The Ethical Implications of Classifying Autistic People

Common terminology in the autism community includes the terms "low functioning" and "high functioning", used to refer to autistic people who seem less able to cope with the neurotypical world around them, and those who seem more able to adapt to the neurotypical world around them, respectively. Yet there are many who insist that these terms are ultimately degrading to autistic people, regardless of which term is applied. In the same vein, others maintain that these labels are necessary to differentiate between differently affected autistic individuals - between those who live and communicate independently, and those who will need lifelong living and communication assistance.

Why do people use these terms?

Particularly common among parents of children with a diagnosis of Asperger's Syndrome or Autistic Disorder, using the terms 'high functioning' and 'low functioning' are ways to differentiate between what are perceived as two types of autistic spectrum disorder: Those who seem more Aspergian in nature, and are considered by many - especially parents and some therapists - to be more mildly affected; and those who seem more classically autistic in nature, and are considered by many - especially parents and some therapists, to be much more severely affected.

Here are two examples, both fictitious, but very likely instances:

Carolyn is a thirty-nine year old woman who has been married for twelve years and has two children. All her life, she has struggled with relationships, basic social skills, and coping in stressful situations, as well as managing depression, and anxiety that she has never understood. As a child, she was expelled from two schools for behavioral issues and misdiagnosed with bipolar disorder, but she did well academically, excelling in courses far above grade level, though she always struggled with executive functioning skills, and was tormented mercilessly by her peers. Today, Carolyn works a steady job and helps with her family. She was diagnosed recently with Asperger's Syndrome.

Jonathan is a twenty-four year old man who is living in a residential program at a group home for the developmentally disabled. He was diagnosed with autistic disorder at the age of three. He did not speak until he was eight, and to this day, speaks rarely, if at all. He was enrolled in state-funded educational services through the age of twenty-one, and frequently elopes - runs away from home without regard to his own safety or the emotional concerns of others. He stims constantly, rocking back and forth, and flicking his fingers in front of his eyes. He has never had a job. It is believed that he is also mentally retarded, although this is a diagnosis with no real means of confirming or refuting.

In the first case, Carolyn's husband, parents, and therapist refer to her as 'high functioning' because her lifestyle is fairly typical and independent, and because she is able to work, attend school, and marry and have children. In the second case, Jonathan has always been referred to by his parents, siblings, teachers, and therapists as "low functioning" because he will never live independently or communicate consistently and effectively with the neurotypicals with whom he interacts on a daily basis.

Both these illustrations, as noted above, are fictitious representations, but both are likely quite similar to actual cases of individuals with varying autism spectrum disorder diagnoses, as are the ways in which the terms 'high functioning' and 'low functioning' are used.
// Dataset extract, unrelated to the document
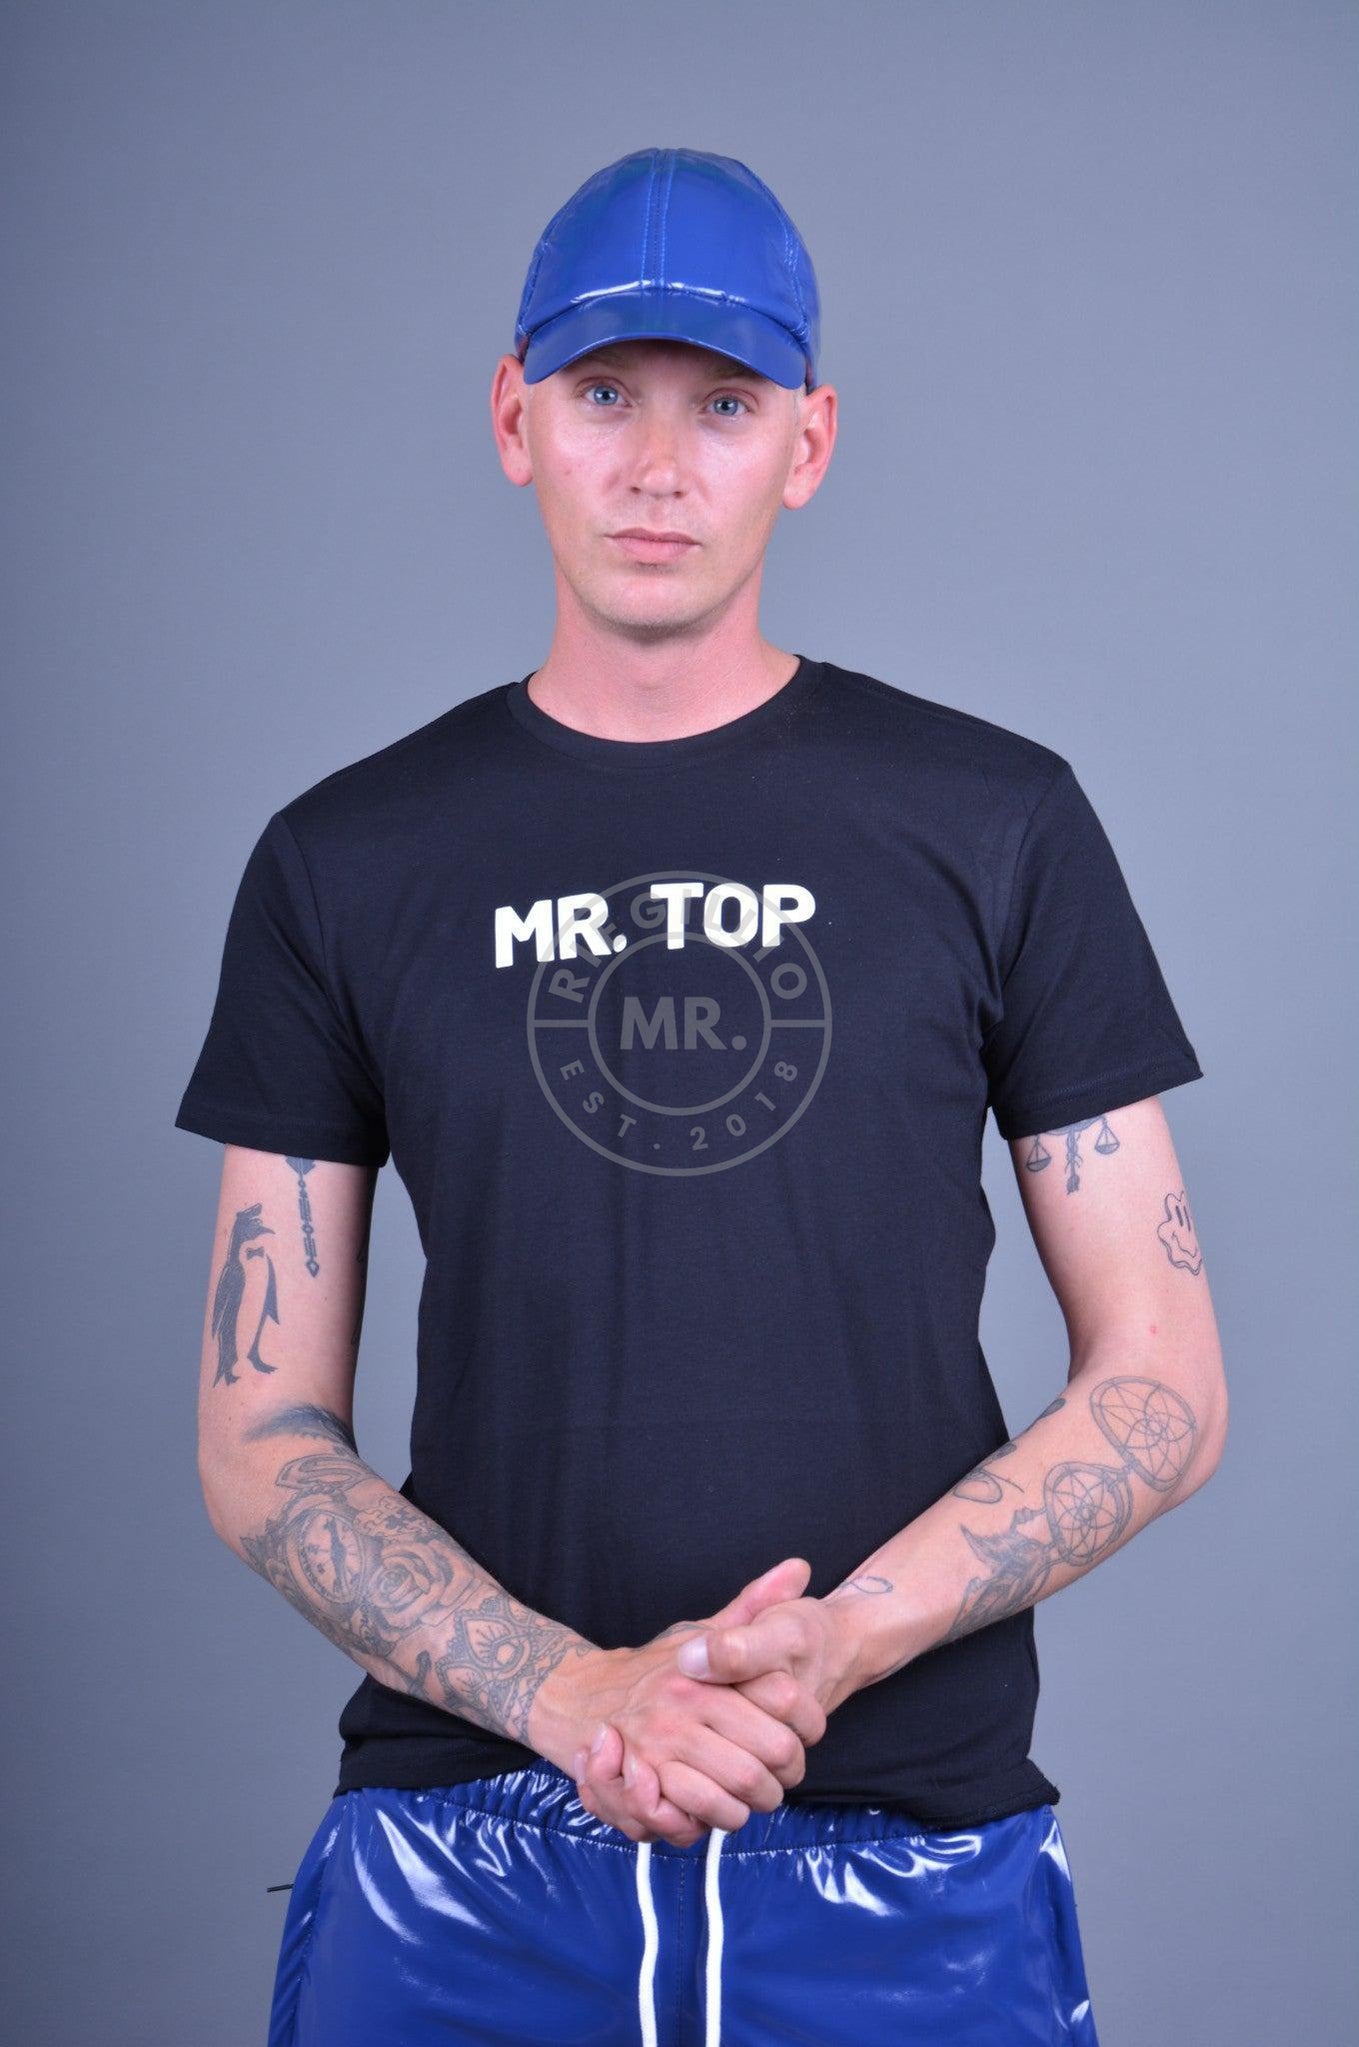 MR. TOP T-Shirt at MR. Riegillio

There are also many cases where the same individual has been referred to by both terms - typically by different persons, and at different times during his or her life - due to the ambiguity associated with the various possible diagnoses of autism spectrum disorders stemming from the current guidelines in the DSM-IV.
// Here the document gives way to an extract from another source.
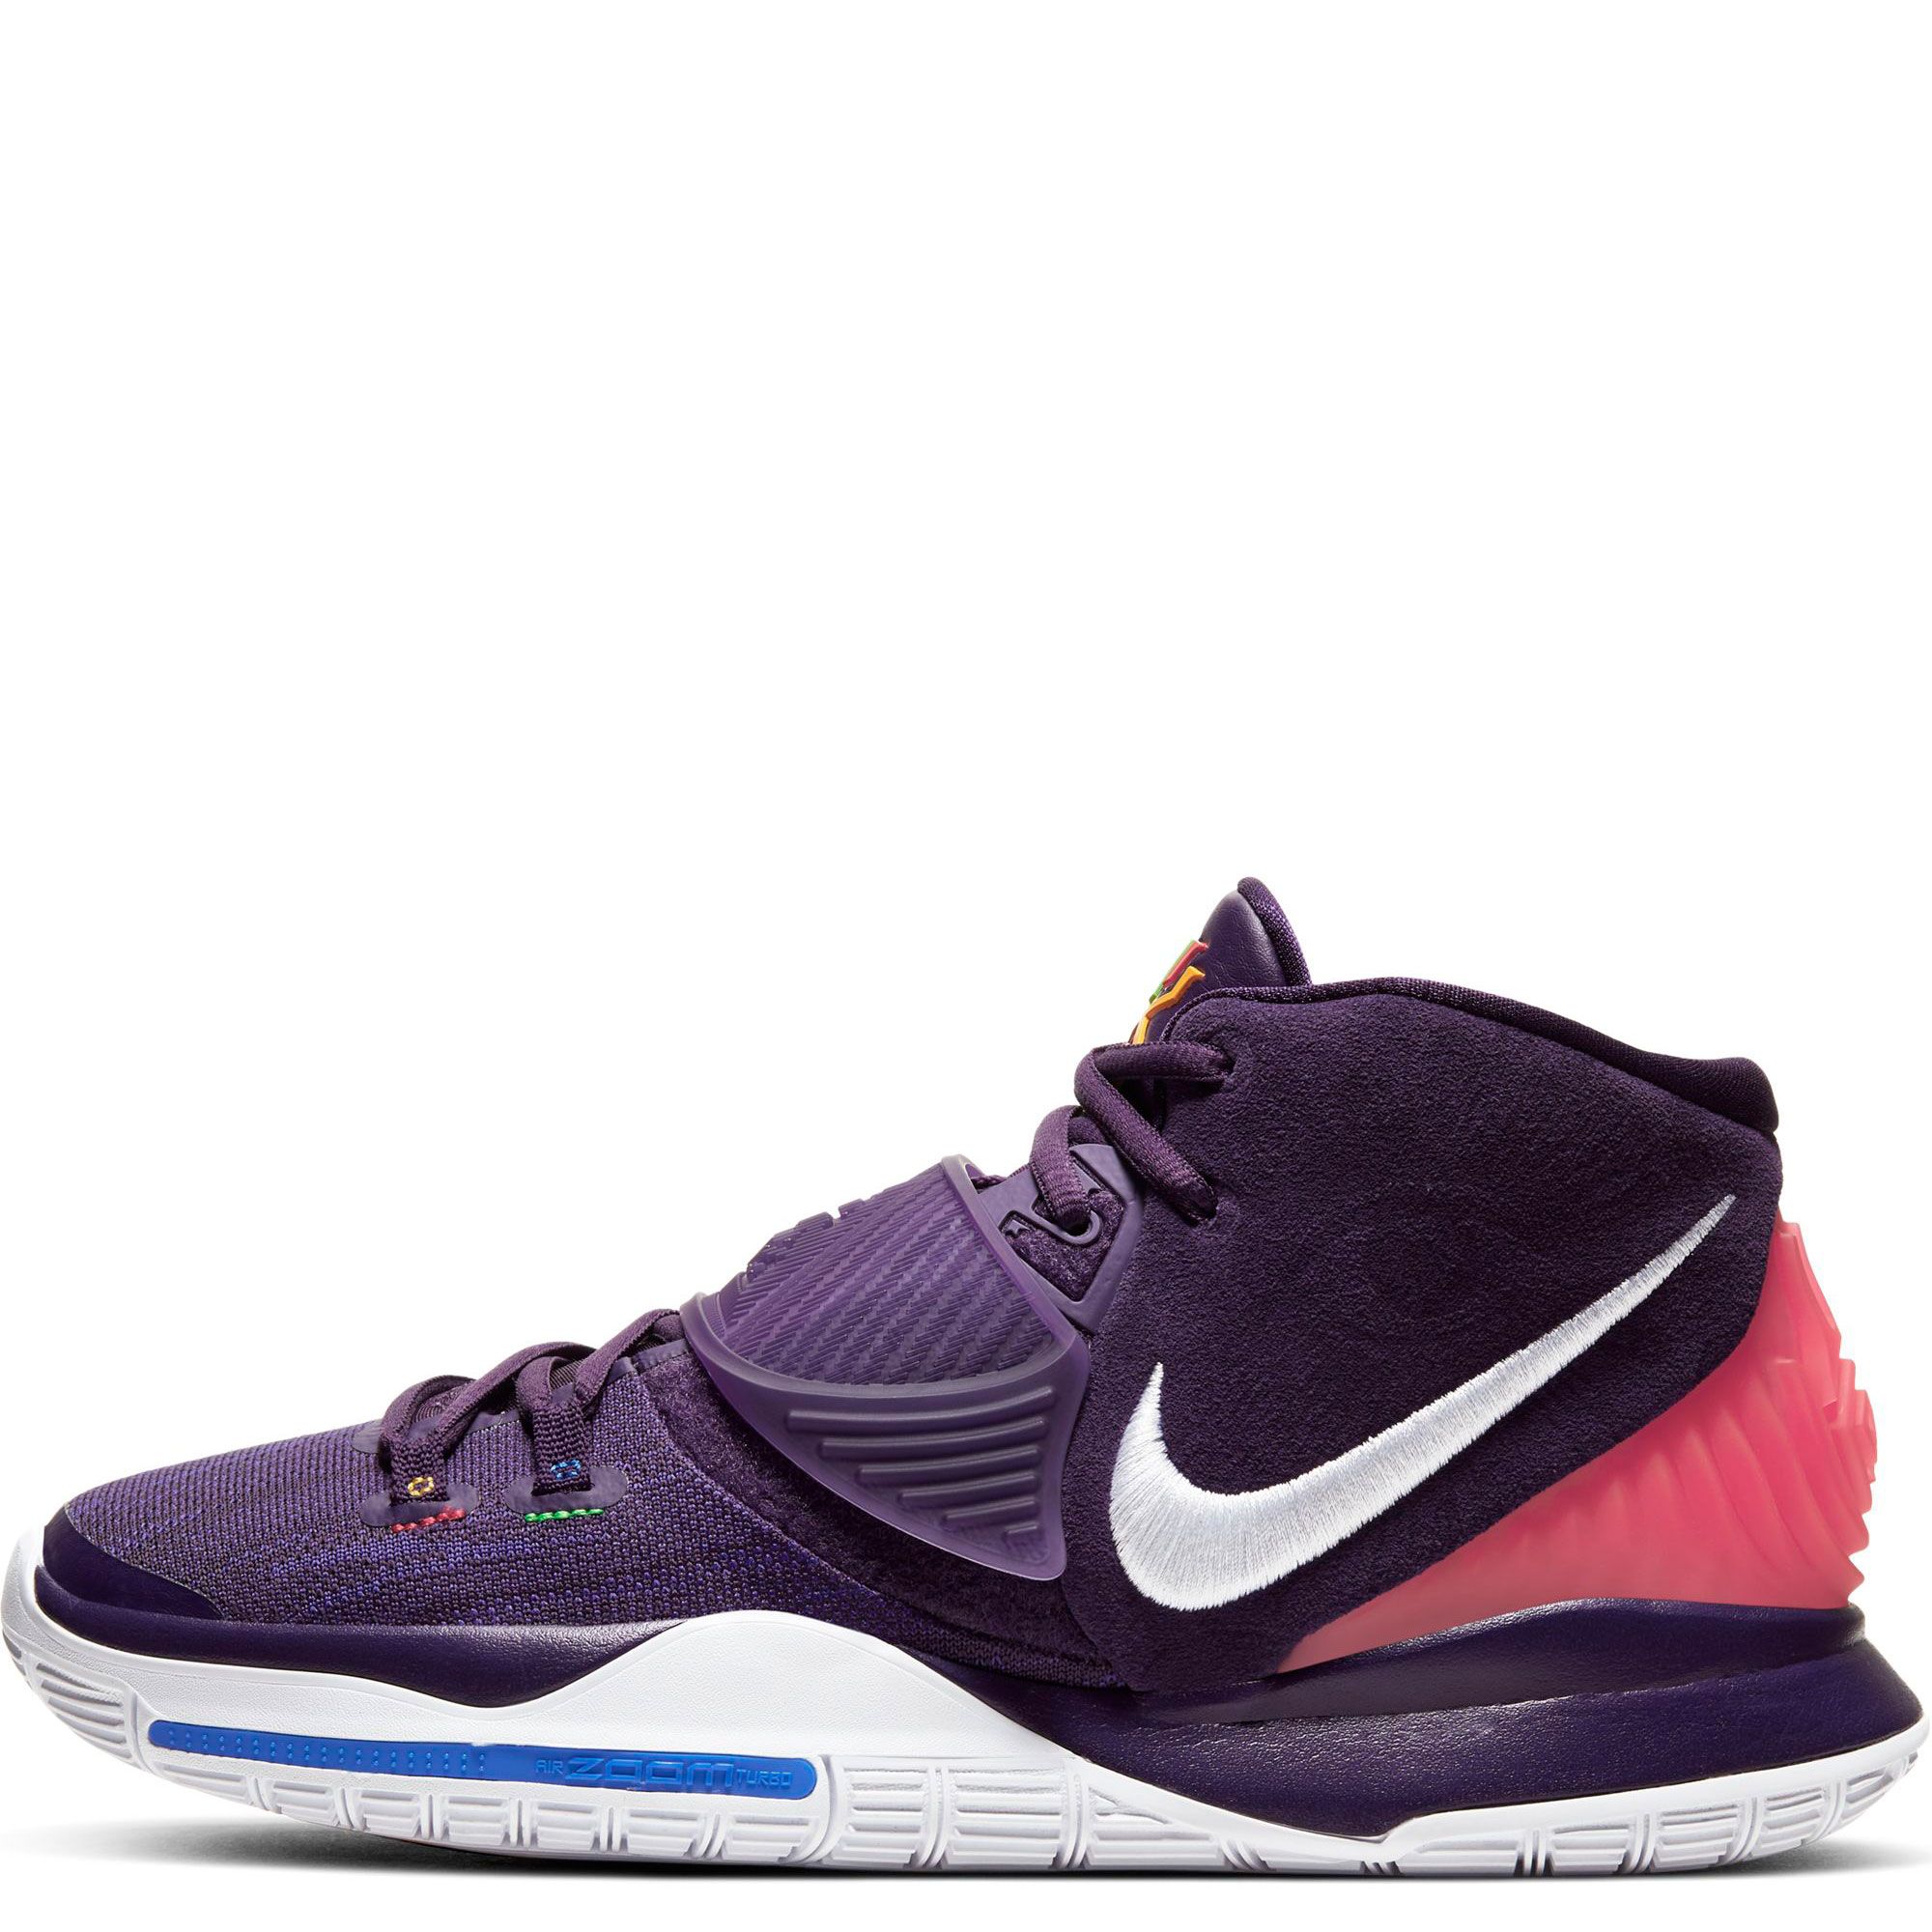 kyrie 6 purple shoes

What problems are there with the continued usage of these terms?

There are some within the autism community - a collective of individuals comprising autistic people, the families of autistic people, the friends of autistic people, advocates, educators, therapists, professionals, and researchers - who believe that continued usage of these terms is detrimental for the long-term improvement of quality of life and social advancement of autistic people.

They contend that using such loaded terms as 'high' and 'low' qualify not the functionality or severity of an individual's autism, but rather the worth of that person. As 'high' and 'low' used in reference to social strata, quantitative value, and qualitative value typically imply superior or inferior status respectively, there arises the problem of such a connotation in reference to autistic persons. By labeling autistic people either 'high functioning' or 'low functioning', their worth is measured qualitatively to other autistic people - and neurotypicals - by this designation as either closer to neurotypicality or farther from it.
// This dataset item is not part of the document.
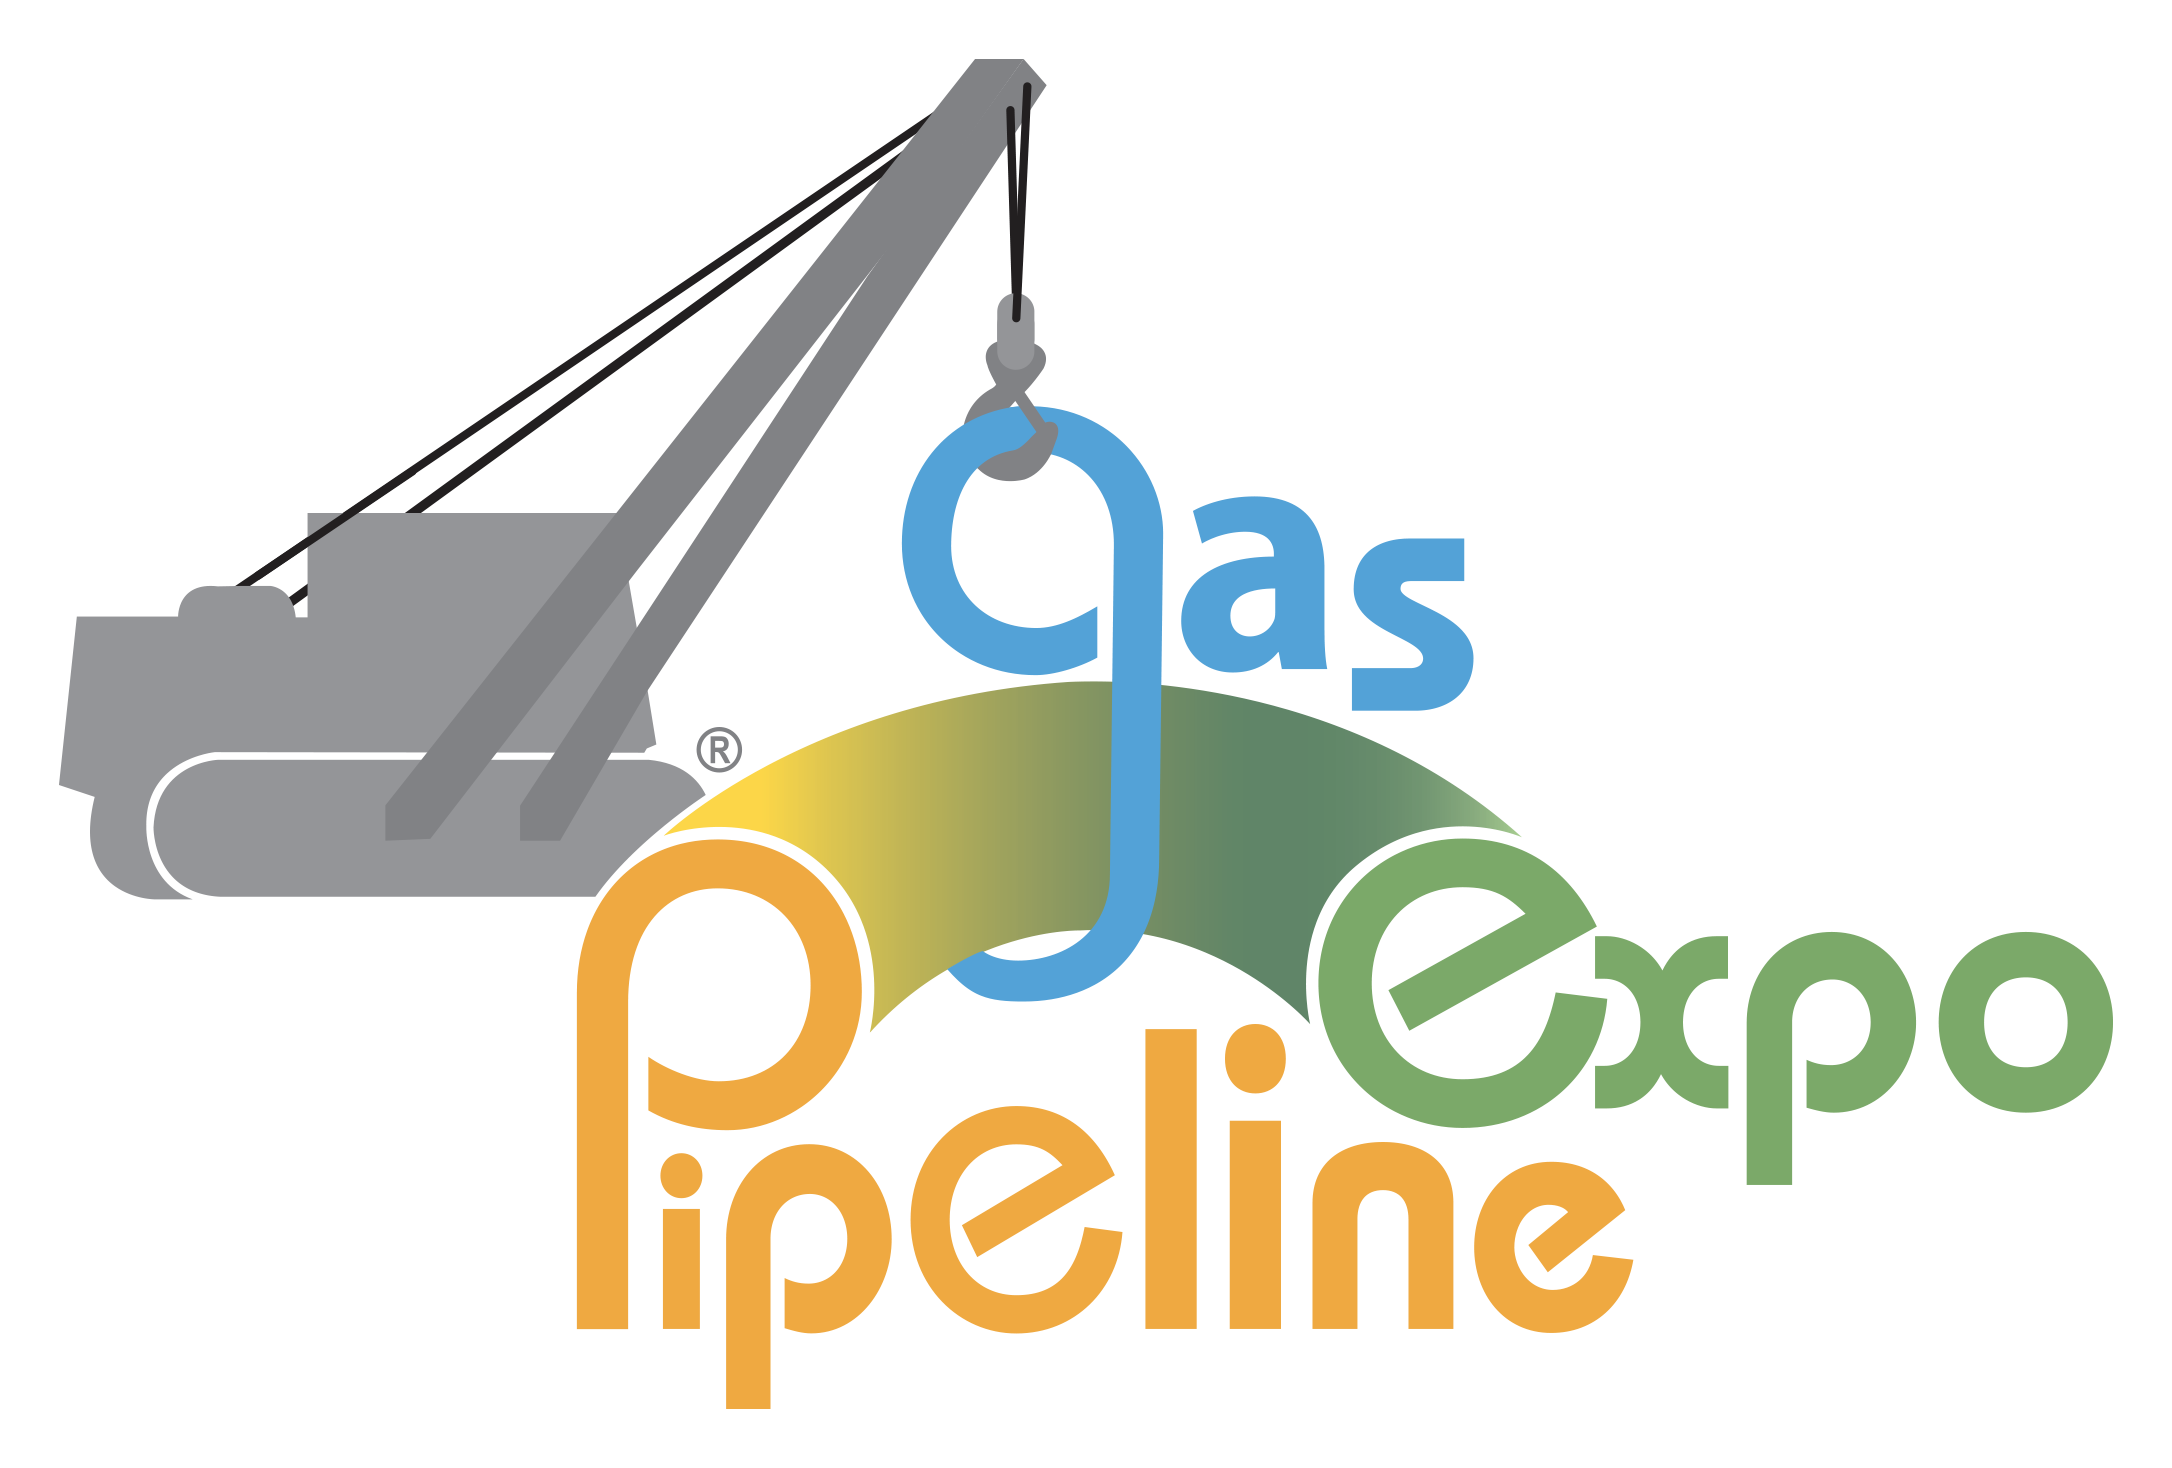 GAS EXPO PIPELINE

Thus, long-term usage of these terms continues to define autistic people by foreign labels separating them into two broad, and sometimes murky, categories, of those who seem more capable of coping in a neurotypical world with all of its demands, and those who seem less capable of doing so. The ambiguity of the terms further contributes to the obfuscation caused by their varying usage - as in the cases of autistic people who have been referred to by both terms at different times.

Those who insist the terms are necessary to differentiate between people who are actually 'autistic' - those who are unable to function in a neurotypical world - and people who can, and are thus not actually 'autistic', often seem to contradict themselves. For example, they readily claim, accept, and even assert that a diagnosis of Asperger's Syndrome, NLD, or PDD-NOS places an individual on the autism spectrum; yet in the same breath, they claim that those with such diagnoses are not truly autistic, and that only individuals who more resemble Jonathan are truly autistic. The term 'autistic' is thus reserved for those who have traditionally been diagnosed with childhood disintegrative disorder, autistic disorder, Kanner's autism, or infantile autistic disorder.

But what does this mean for those with Asperger's, Nonverbal Learning Disorder, or PDD-NOS? We are relegated to a narrow, fragile bridge - on one end lies the label 'autism spectrum disorder', and on the other end lies the dual-natured rejection - not normal, not autistic. We are either on the autism spectrum or not. And by the very definition, anyone with an autism spectrum disorder must be autistic. It is simply what the word itself means.

Usage of the terms high functioning and low functioning are only another way to compensate for the reticence to accept the name 'autistic' as referring to all persons on the spectrum. It is a compromise, a way of splitting spectrumites into two distinct camps. Yet this itself poses an inherent problem - the ethical implications of implying qualitative value of autistic individuals based upon the perceptions and preconceived notions of their abilities or lack thereof by non-autistics are dire indeed.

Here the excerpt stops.